[Opening RECORDED DATA section]
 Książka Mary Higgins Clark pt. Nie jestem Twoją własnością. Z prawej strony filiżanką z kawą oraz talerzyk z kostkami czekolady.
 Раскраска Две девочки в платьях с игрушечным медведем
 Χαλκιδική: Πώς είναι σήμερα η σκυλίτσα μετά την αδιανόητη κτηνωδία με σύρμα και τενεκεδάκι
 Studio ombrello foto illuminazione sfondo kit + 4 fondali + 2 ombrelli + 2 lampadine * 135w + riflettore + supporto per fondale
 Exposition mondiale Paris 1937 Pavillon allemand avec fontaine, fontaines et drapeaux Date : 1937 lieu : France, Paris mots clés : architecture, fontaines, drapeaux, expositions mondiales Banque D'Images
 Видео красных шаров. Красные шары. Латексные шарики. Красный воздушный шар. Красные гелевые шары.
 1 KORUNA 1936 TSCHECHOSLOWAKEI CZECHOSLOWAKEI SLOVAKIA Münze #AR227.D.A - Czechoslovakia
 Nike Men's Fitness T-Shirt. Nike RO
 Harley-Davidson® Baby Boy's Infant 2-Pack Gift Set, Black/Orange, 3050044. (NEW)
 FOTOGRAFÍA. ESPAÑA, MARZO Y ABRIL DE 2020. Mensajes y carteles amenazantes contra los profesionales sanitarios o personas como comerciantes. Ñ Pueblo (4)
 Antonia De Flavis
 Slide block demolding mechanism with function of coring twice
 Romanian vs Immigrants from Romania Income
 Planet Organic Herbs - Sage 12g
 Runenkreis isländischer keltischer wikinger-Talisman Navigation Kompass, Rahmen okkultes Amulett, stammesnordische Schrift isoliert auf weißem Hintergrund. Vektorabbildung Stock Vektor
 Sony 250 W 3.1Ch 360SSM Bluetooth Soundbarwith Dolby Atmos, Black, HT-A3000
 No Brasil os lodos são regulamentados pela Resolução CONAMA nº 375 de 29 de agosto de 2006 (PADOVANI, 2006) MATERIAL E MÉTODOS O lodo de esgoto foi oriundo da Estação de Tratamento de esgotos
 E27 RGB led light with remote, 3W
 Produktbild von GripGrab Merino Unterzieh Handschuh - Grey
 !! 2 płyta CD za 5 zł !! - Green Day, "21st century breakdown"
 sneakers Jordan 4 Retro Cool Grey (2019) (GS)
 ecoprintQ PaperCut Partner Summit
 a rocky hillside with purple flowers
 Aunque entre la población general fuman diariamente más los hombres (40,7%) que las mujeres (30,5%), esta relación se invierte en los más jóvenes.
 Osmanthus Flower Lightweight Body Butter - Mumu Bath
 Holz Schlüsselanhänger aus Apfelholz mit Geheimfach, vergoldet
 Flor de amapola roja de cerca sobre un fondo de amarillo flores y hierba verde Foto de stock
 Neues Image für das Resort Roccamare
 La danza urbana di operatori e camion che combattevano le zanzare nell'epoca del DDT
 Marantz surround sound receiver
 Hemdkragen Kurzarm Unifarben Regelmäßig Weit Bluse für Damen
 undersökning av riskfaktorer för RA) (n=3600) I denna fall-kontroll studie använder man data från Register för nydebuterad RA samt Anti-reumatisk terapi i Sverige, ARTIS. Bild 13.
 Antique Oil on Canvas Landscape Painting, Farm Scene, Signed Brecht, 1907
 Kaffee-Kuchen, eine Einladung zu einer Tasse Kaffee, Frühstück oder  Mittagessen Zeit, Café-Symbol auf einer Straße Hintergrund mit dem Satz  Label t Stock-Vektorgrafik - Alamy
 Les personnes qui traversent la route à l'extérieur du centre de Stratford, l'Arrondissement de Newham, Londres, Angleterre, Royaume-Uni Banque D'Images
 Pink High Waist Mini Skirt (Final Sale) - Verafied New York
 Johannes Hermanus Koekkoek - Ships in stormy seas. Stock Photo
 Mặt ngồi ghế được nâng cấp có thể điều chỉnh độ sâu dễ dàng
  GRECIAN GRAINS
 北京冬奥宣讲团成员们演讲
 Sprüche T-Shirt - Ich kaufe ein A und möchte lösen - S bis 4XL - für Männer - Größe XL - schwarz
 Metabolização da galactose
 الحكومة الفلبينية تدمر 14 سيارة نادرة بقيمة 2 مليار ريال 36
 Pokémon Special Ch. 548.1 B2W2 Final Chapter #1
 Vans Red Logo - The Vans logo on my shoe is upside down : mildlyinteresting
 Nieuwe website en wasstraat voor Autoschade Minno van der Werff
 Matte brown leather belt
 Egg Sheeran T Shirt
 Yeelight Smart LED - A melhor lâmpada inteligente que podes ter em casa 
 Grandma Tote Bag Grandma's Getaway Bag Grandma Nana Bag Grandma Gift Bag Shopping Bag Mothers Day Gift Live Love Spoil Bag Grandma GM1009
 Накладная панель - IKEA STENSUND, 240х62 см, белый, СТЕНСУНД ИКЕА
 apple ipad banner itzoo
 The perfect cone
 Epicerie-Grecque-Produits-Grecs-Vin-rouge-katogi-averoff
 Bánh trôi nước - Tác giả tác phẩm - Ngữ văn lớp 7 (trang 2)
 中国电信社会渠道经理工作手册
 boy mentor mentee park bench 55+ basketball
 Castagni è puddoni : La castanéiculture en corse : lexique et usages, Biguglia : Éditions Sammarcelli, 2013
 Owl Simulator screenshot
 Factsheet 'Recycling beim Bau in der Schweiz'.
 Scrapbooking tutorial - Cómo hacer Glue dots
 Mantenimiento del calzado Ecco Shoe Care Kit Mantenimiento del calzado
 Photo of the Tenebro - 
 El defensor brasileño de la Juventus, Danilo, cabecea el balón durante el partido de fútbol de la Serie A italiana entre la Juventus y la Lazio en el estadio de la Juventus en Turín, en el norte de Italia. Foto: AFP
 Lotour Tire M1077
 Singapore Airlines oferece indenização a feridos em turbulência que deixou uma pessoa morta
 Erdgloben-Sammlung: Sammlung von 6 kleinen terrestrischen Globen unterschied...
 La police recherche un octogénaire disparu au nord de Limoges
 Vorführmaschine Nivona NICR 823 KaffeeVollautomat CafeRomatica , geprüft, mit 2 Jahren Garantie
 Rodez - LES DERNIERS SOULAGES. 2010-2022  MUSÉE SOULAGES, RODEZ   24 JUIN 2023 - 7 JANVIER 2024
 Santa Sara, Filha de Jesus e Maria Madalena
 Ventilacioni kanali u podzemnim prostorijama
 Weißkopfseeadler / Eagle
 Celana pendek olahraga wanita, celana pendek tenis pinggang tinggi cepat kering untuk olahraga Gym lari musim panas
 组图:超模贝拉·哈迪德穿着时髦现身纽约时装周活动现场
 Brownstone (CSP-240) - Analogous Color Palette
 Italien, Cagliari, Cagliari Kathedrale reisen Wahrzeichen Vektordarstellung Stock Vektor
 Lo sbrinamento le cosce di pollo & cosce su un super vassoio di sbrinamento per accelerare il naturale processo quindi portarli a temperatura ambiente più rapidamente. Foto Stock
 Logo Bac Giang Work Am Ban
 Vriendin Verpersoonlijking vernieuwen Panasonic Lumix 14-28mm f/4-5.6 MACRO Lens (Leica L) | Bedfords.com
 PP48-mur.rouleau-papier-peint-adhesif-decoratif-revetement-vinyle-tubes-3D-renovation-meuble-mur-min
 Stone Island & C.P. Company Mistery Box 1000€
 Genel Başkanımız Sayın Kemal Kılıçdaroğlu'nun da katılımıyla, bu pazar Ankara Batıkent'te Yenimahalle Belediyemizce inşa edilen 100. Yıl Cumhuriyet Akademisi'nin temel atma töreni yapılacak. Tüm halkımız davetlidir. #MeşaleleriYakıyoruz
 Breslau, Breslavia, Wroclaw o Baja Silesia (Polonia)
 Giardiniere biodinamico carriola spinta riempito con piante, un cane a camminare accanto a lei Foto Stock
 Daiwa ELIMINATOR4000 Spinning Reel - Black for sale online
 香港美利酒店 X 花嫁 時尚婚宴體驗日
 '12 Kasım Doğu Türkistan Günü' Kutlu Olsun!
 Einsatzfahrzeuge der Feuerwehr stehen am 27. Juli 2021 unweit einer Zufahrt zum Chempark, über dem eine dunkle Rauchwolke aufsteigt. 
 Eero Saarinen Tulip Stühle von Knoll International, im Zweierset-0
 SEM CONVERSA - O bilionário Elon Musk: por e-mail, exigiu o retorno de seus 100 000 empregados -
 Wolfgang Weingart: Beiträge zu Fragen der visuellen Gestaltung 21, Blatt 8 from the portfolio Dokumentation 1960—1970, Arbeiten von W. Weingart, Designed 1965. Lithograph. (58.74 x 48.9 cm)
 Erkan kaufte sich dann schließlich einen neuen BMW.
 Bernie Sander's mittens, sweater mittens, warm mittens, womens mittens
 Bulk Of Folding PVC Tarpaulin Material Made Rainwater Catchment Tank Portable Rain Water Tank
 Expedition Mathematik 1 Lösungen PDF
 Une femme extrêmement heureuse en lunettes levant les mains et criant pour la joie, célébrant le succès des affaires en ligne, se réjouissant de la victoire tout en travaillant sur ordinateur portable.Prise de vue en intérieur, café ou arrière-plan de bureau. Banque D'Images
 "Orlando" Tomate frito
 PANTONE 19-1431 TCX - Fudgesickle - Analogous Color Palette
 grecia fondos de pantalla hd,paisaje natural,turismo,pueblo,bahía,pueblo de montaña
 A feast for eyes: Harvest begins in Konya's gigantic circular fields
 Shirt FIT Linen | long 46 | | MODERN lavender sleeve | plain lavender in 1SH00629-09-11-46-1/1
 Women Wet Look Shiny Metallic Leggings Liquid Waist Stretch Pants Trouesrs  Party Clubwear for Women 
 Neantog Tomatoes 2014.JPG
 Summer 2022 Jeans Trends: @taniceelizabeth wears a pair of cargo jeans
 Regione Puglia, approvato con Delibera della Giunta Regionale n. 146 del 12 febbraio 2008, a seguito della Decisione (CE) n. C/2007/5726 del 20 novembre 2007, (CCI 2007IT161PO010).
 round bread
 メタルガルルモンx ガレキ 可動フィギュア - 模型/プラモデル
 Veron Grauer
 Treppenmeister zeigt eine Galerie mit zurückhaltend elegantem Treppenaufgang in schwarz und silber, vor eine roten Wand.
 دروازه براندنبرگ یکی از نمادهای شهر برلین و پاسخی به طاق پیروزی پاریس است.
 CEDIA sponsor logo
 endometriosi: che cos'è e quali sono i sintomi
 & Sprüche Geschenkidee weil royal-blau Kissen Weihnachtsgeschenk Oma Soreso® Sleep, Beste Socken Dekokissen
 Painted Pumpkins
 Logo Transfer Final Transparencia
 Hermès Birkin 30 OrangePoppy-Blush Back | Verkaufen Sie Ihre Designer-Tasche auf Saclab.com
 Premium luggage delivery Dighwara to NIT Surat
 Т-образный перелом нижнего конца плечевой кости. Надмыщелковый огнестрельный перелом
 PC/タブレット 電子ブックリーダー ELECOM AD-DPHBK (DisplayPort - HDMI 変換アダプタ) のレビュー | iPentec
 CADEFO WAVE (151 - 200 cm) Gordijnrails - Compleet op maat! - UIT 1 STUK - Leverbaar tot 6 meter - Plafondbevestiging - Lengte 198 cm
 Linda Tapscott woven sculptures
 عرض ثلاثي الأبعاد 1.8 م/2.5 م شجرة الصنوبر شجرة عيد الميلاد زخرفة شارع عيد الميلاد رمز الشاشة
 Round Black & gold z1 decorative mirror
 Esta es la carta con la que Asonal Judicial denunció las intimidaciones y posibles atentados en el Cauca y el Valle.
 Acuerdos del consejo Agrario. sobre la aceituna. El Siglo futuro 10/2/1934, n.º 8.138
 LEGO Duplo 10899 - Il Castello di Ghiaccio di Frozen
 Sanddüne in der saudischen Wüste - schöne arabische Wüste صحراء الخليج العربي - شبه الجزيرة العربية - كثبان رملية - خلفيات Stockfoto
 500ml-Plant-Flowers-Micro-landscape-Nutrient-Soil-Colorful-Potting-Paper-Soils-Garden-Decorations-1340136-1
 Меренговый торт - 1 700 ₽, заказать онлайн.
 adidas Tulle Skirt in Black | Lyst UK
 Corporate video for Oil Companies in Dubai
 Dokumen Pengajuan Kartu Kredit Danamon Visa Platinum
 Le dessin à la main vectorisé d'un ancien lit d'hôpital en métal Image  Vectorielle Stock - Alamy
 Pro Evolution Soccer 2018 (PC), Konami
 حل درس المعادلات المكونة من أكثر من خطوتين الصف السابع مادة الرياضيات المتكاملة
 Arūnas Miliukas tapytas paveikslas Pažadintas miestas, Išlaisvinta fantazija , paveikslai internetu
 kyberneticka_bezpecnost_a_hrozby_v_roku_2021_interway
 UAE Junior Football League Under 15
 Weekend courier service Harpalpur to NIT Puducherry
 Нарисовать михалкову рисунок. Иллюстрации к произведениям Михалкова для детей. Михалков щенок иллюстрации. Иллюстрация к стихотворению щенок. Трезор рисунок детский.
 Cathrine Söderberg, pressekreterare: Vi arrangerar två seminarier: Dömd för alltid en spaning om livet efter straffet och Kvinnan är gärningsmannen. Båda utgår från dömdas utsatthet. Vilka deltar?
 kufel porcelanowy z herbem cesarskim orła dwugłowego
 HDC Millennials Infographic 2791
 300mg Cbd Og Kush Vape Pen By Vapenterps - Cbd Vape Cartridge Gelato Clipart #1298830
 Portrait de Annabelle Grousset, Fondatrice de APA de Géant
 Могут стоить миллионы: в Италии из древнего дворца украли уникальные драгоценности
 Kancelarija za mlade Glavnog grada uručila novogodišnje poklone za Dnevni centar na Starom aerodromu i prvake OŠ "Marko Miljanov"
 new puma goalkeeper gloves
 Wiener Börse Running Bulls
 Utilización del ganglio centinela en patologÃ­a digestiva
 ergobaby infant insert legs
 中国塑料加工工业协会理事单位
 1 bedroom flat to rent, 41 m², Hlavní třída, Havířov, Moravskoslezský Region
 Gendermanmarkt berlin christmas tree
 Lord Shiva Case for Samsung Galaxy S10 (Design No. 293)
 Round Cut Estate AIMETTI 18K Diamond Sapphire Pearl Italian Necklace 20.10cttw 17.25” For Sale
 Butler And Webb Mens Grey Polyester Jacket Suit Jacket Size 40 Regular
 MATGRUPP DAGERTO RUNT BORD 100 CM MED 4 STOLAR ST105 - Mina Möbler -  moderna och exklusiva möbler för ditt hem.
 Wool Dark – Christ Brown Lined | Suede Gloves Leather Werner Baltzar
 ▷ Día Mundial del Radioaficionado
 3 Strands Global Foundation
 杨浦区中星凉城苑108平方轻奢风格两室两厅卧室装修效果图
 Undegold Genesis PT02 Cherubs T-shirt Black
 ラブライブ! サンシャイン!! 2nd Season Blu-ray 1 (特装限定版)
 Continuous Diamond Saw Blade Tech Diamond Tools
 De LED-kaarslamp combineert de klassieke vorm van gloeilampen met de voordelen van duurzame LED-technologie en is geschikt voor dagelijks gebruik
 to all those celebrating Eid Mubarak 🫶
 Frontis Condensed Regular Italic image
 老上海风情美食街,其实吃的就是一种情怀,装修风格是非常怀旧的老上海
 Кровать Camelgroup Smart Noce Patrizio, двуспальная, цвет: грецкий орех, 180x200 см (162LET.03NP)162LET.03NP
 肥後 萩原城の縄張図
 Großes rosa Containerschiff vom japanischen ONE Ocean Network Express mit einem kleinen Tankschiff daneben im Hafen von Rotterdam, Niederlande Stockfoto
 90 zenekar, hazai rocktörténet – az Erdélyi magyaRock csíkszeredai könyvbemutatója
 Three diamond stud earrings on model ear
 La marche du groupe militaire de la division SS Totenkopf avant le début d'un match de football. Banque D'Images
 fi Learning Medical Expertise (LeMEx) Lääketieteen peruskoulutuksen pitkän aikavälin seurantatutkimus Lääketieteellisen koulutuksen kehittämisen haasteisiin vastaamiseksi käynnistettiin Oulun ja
[Closing RECORDED DATA section]
YOUR INSTRUCTIONS
Among the lines above, repeat exactly those from the line with "香港美利酒店 X 花嫁 時尚婚宴體驗日" to the line with "SEM CONVERSA - O", counting both ends.

WORKED SOLUTION
 香港美利酒店 X 花嫁 時尚婚宴體驗日
 '12 Kasım Doğu Türkistan Günü' Kutlu Olsun!
 Einsatzfahrzeuge der Feuerwehr stehen am 27. Juli 2021 unweit einer Zufahrt zum Chempark, über dem eine dunkle Rauchwolke aufsteigt. 
 Eero Saarinen Tulip Stühle von Knoll International, im Zweierset-0
 SEM CONVERSA - O bilionário Elon Musk: por e-mail, exigiu o retorno de seus 100 000 empregados -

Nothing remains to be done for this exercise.